If there had been some one to whom she could have turned, relieving herself by confession, she might have found solace and set her feet in safer ways. But among the three men she was virtually alone, guarding her secret with that most stubborn of all silences, a girl's in the first wakening of sex. She had a superstitious hope that she could regain peace and self-respect by an act of reparation, and at such moments turned with expiatory passion to the thought of David. She would go to California, live as her father had wished, marry her betrothed, and be as good a wife to him as man could have. And for a space these thoughts brought her ease, consoled her as a compensating act of martyrdom.

She shunned Courant, rarely addressing him, keeping her horse to the rear of the train where the wagon hood hid him from her. But when his foot fell on the dust beside her, or he dropped back for a word with Daddy John, a stealthy, observant quietude held her frame. She turned her eyes from him as from an unholy sight, but it was useless, for her mental vision called up his figure, painted in yellow and red upon the background of the sage. She knew the expression of the lithe body as it leaned from the saddle, the gnarled hand from which the rein hung loose, the eyes, diamond hard and clear, living sparks set in leathery skin wrinkled against the glare of the waste. She did not lie to herself any more. No delusions could live in this land stripped of all conciliatory deception.
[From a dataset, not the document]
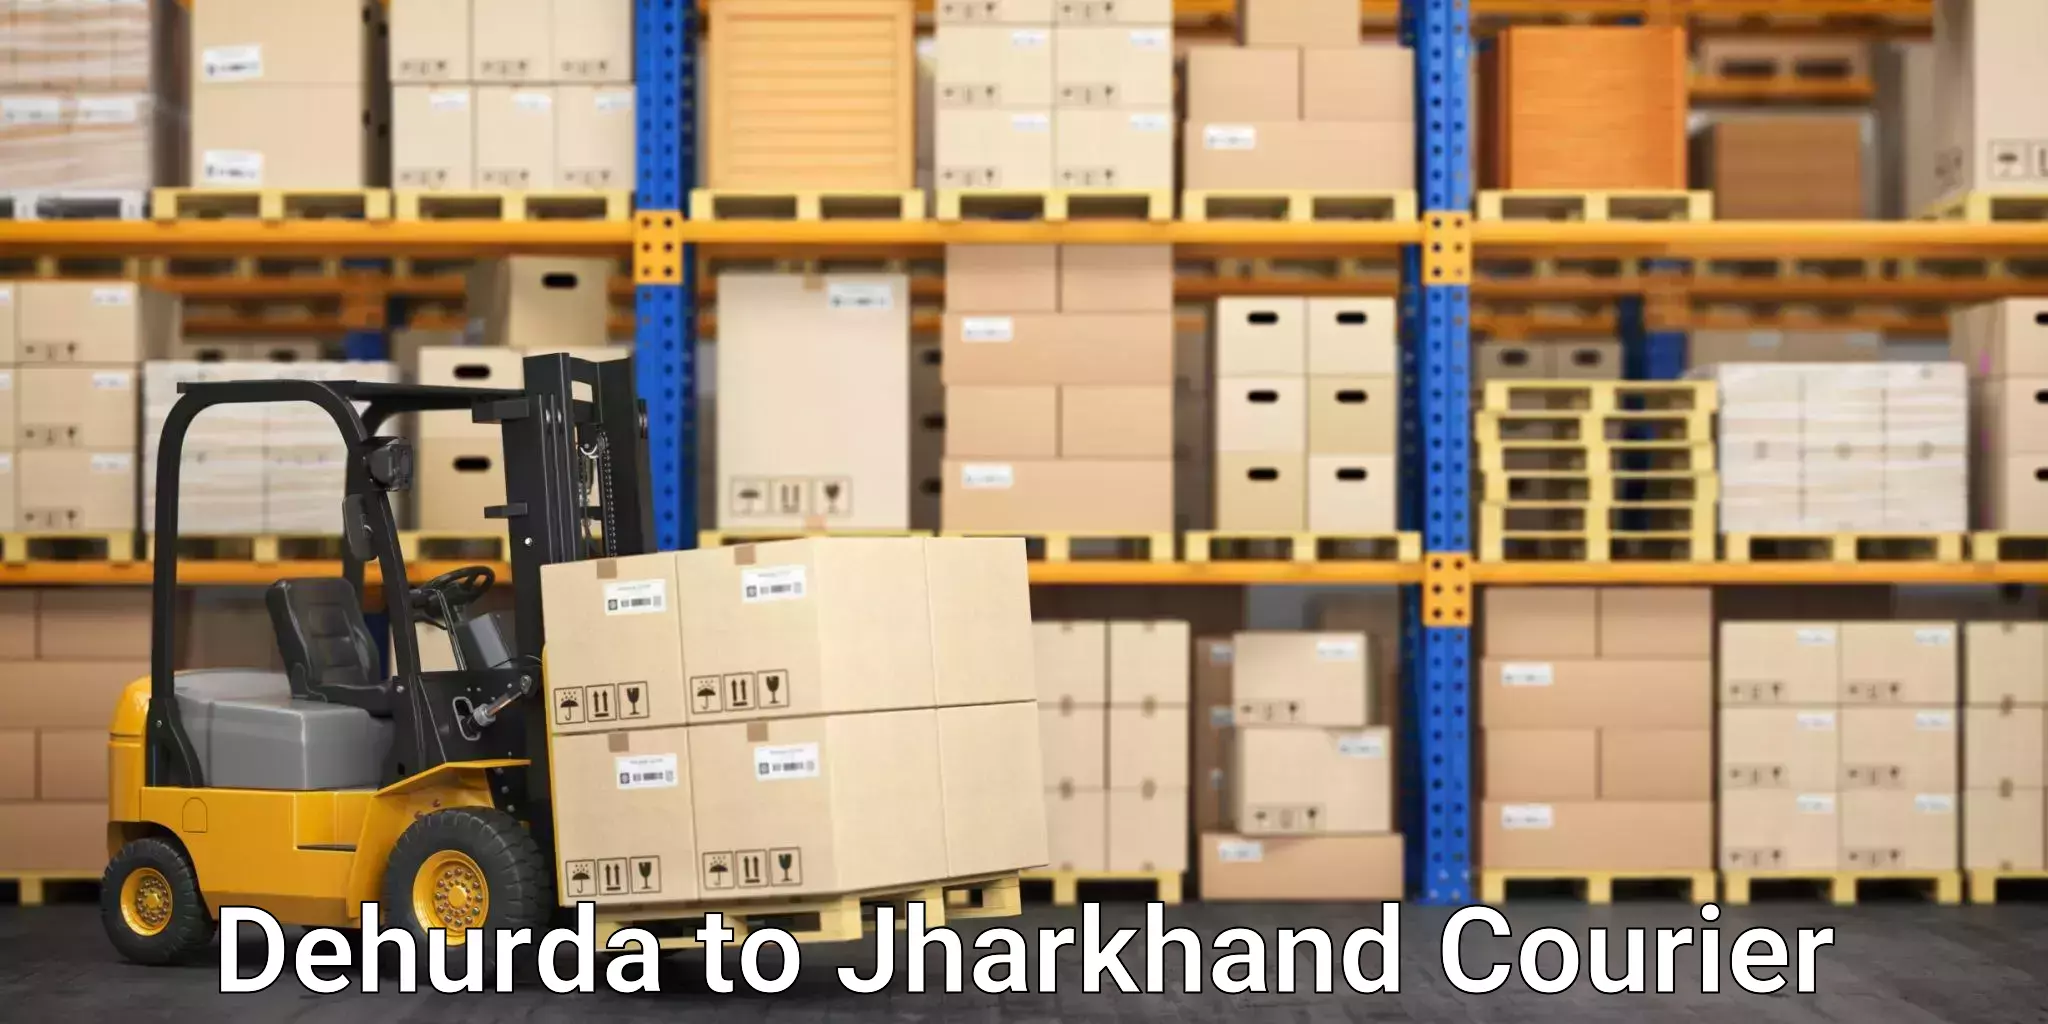 Bulk shipping discounts Dehurda to Govindpur

The night before they left the Fort the men had had a consultation. Sitting apart by the tent she had watched them, David and Daddy John between her and the fire, Courant beyond it. His face, red lit between the hanging locks of hair, his quick eyes, shifting from one man to the other, was keen with a furtive anxiety. At a point in the murmured interview, he had looked beyond them to the darkened spot where she sat. Then Daddy John and David had come to her and told her that if she wished they would turn back, take her home to Rochester, and stay there with her always. There was money enough they said. The doctor had left seven thousand dollars in his chest, and David had three to add to it. It would be ample to live on till the men could set to work and earn a maintenance for them. No word was spoken of her marriage, but it lay in the offing of their argument as the happy finale that the long toil of the return journey and the combination of resources were to prelude.